Although the word ‘nigger’ could have been used to indicate a black person in everyday English speech in Kipling’s day, and long after, without any special racial emphasis, in these circumstances a soldier would have been likely to use it as a derisive epithet or term of abuse, just as soldiers of every race and creed have always found something derogatory to call their enemies.

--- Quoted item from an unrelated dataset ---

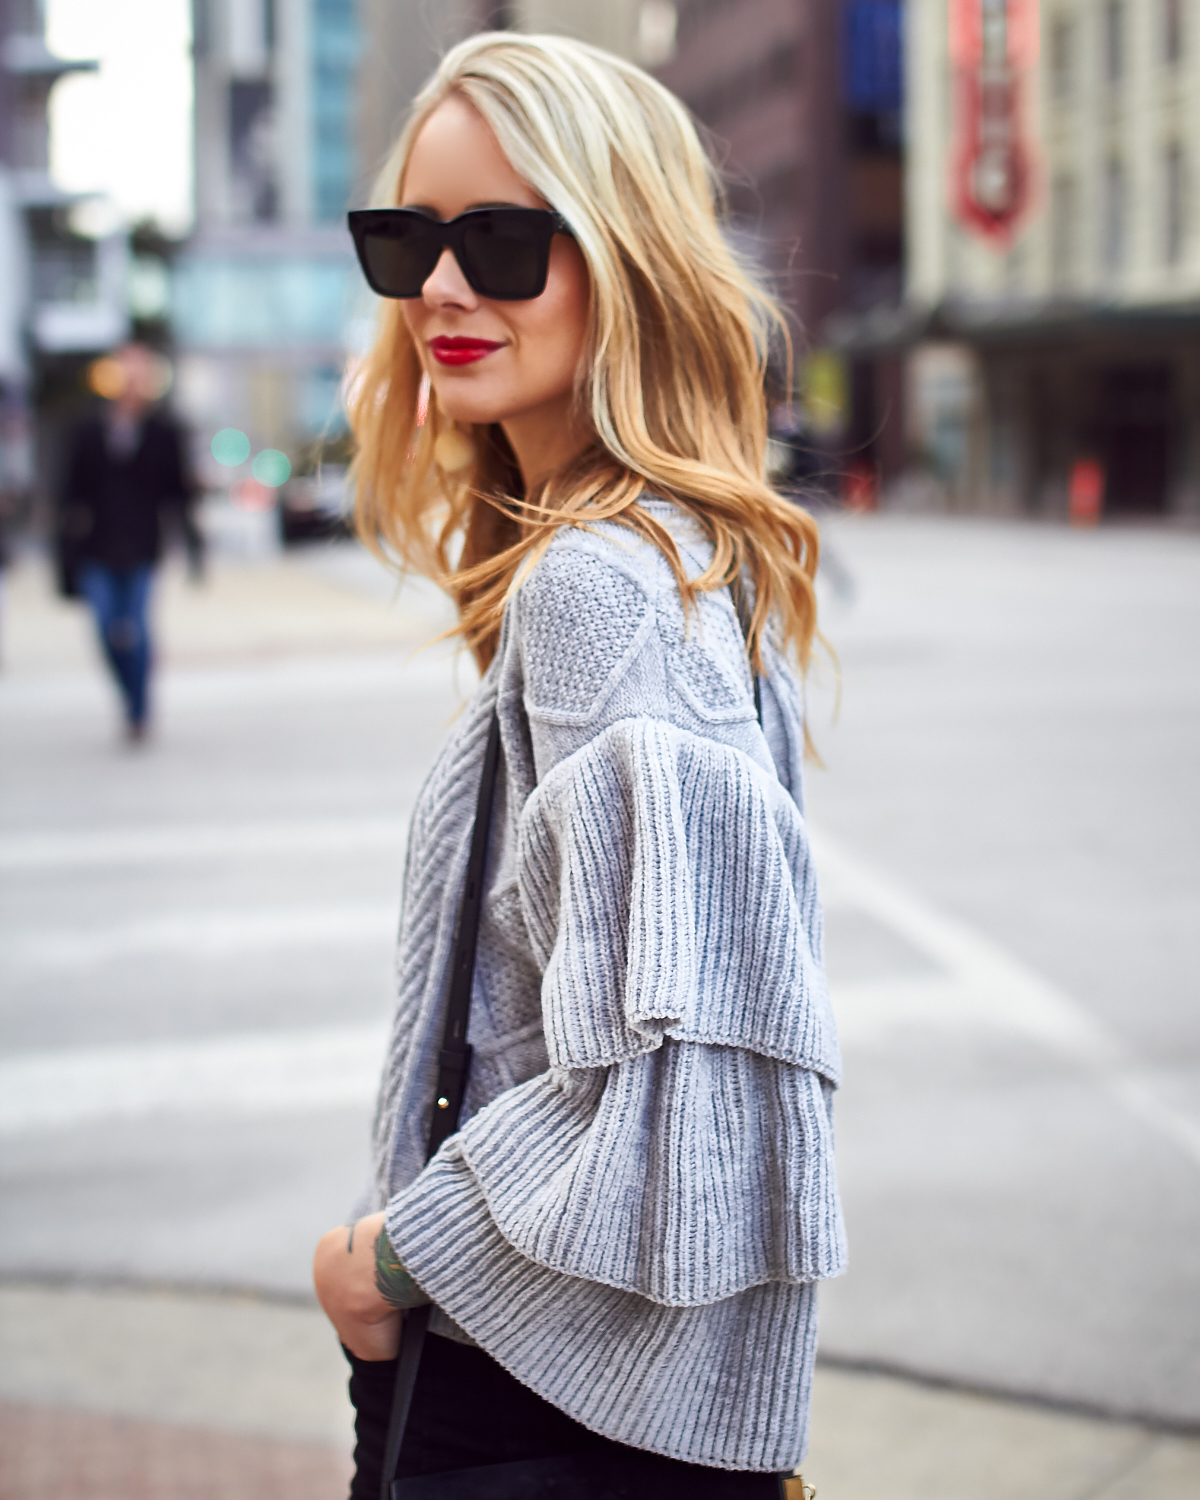 Fall Outfit, Winter Outfit, Grey Ruffle Sleeve Sweater, BonBon Earrings, Black Celine Sunglasses, Red Lipstick

[Line 32] ‘…when the case begun to spread.’ Case shot was used with smooth-bore, muzzle loading guns as a last resort against infantry or cavalry at very close range. It consisted of a charge of propelling gunpowder behind a cluster of small cast-iron golf-ball sized shot packed in a canvas bag, with a metal plate between powder and shot. On leaving the muzzle, the bag ruptured and the shot spread out in a deadly cone.